Thank you, dear friends and family for making contact with us...or attempting to. Given the circumstances, our internet provider is different from the previous (we now have a mobile kind of network, which works differently than a regular cable—we pay by the minute.) Also, we have new phone numbers, please email me if you didn't receive our update email of contact information. At any given time, the internet can turn off, so please don't take it personally if this happens. If you are calling from the US, you may consider buying the calling cards sold by Indians at your local gas station. They have good deals.
Recently, I found that my house was sequestered by monkeys. I looked out my window, and one was sitting on the window sill, a space below it. Then I opened my door to the balcony off of my bedroom, and saw another. I went to the roof, and found another. I didn't have time to feel fear from these guys, but a thought did pass through my mind that I had to reject. Instead, I communicated with the big one using words and images.
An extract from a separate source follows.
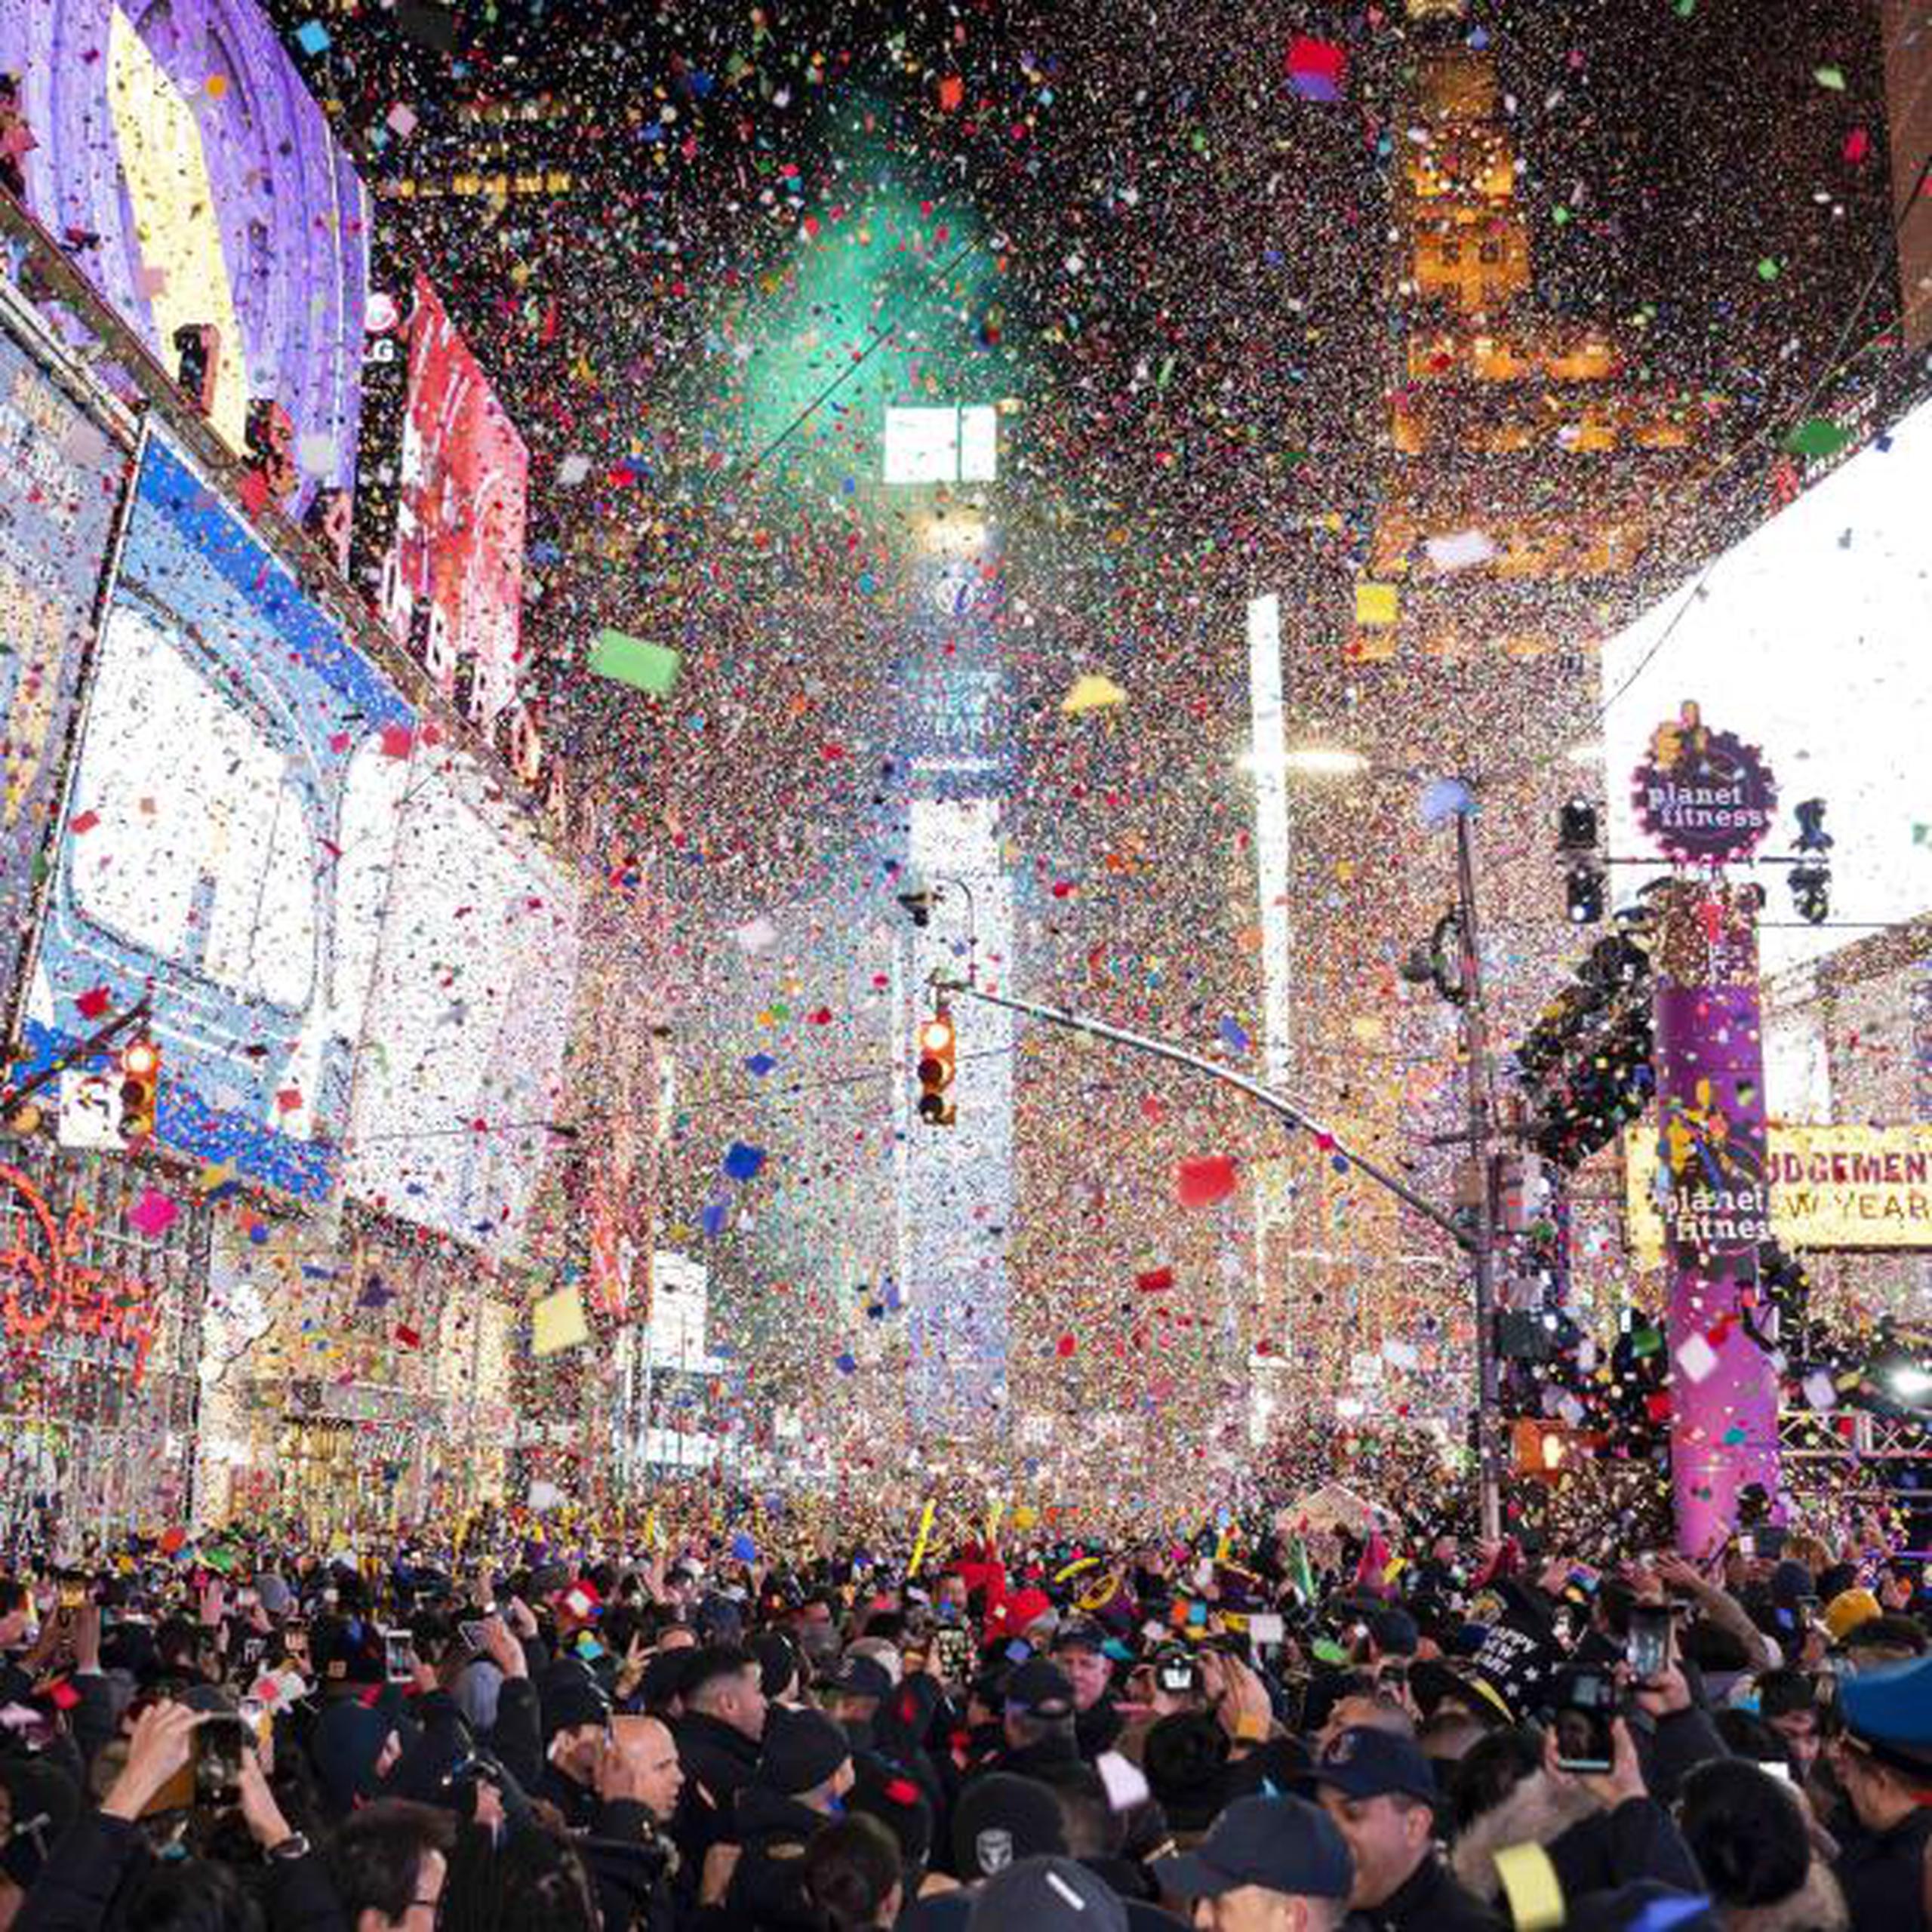 La celebración del cambio de año llegó tras muchas horas de espera para la mayoría de los que llenaban Times Square. (Ben Hider / Invision / AP)
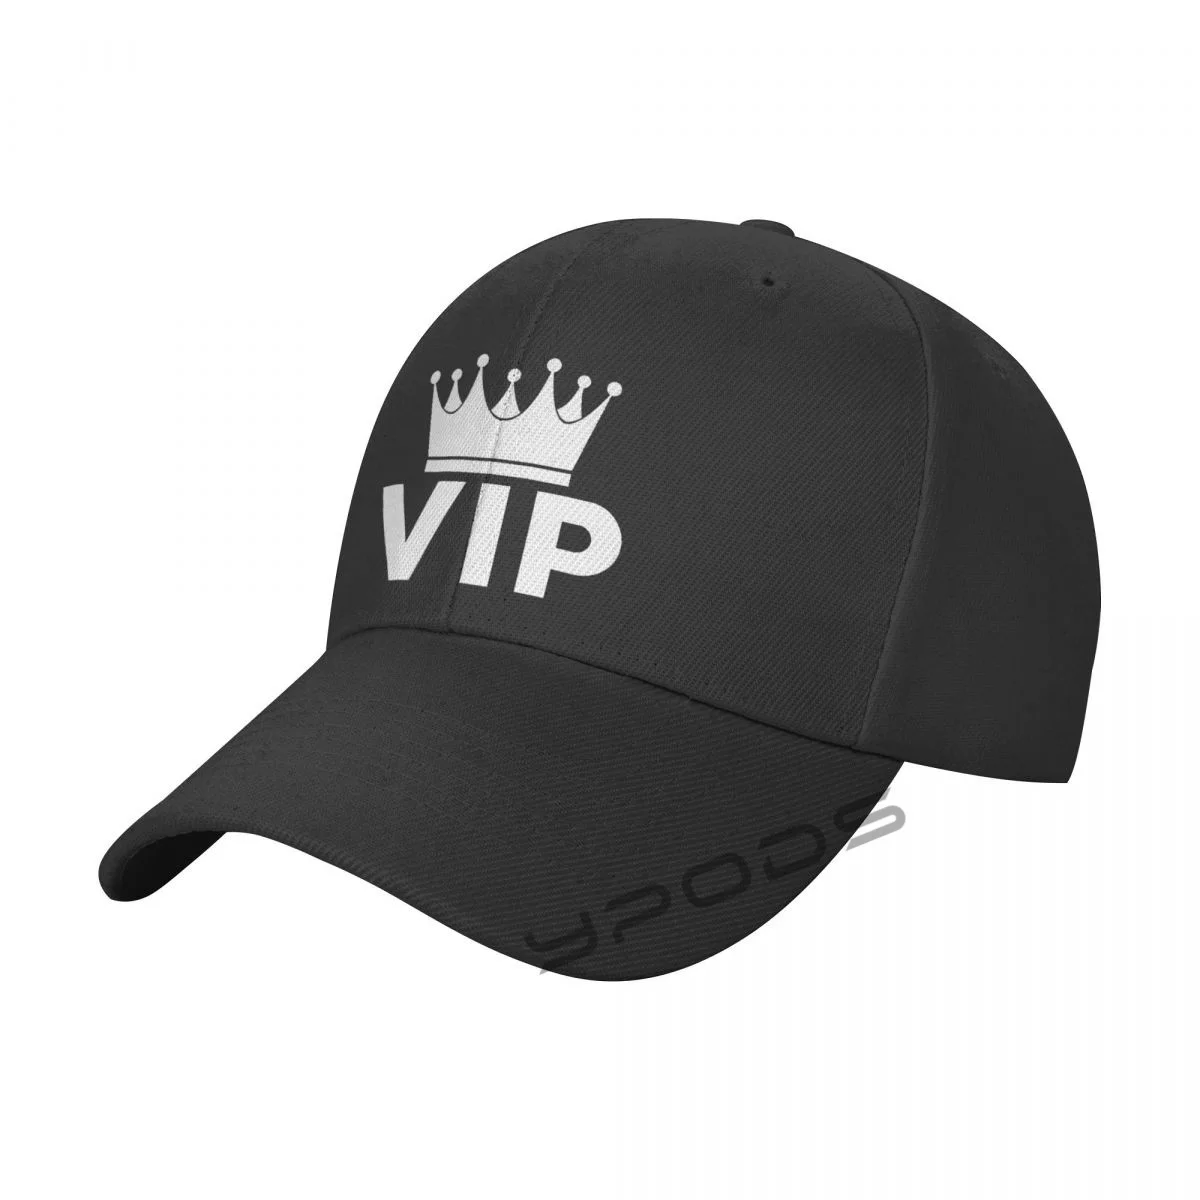 

VIP New Baseball Caps for Men Cap Women Hat Snapback Casual Cap Casquette Hats

I told him to tell all his friends that this house was “hands-off, please!” and that they were not to use it as their personal playground. (I had figured out that the dirt prints on the exterior walls were theirs.) And a week later, they've still kept their distance.
Here in the mountains, there are many different kinds of people. They speak tribal languages, Baraga, or they speak Canada, Telugu, Tamil, or Malayalam. It's really a mix here; I can hear the differences. Two young teen-age boys at a shop were convincing my husband not to learn Tamil, that he should speak Canada...but they were urging him in Tamil.
Today I sat for hours in the green grass and looked at the sky, breathed in the fresh air, and took in the power from nature. There is a stand of tall eucalyptus trees at the edge of a field where our house is. We have our dogs tethered here, and alternately we let them off to run and play. The monkeys like to sit on the wall in front of the stand of trees—they rest here from their seed gathering; they watch our dogs; they preen each other. I took off my flip flops and let my feet sink into the thick grass. It's part clover and part crab-grass (the really thick kind.)
We buy fresh cow's milk from the neighbor's cow. I can see their bright orange house when it's not foggy. The other day I was over buying a few items at their store, and the grandmother came outside with a big-telling smile. “Do you like to eat chicken?” She asked me in Malayalam. I hadn't thought of eating chicken in a long time...and I looked over at a healthy hen pecking at bits and pieces of rice nearby...such a pretty girl...I don't know if I like to eat chicken. “You can make a wonderful chicken and bean curry...buy the chicken in Ooty...” Her bright eyes and smile were contagious.
Maybe it was the fever, but I've been slow to get everything in order. And doctor's orders were to take full rest. And so this is what I am doing—washing clothes, hanging them on the roof top lines, watching monkeys and sky, listening to the shimmering leaves, smelling the eucalyptus, moving my dogs around, snuggling with my cats, adjusting to the cool weather. And I'm feeling so grateful for all of the Good in my life. Whether we stay in this part of the Nilgiris—I really don't mind. I'm just happy to be here—away, so far away from the city.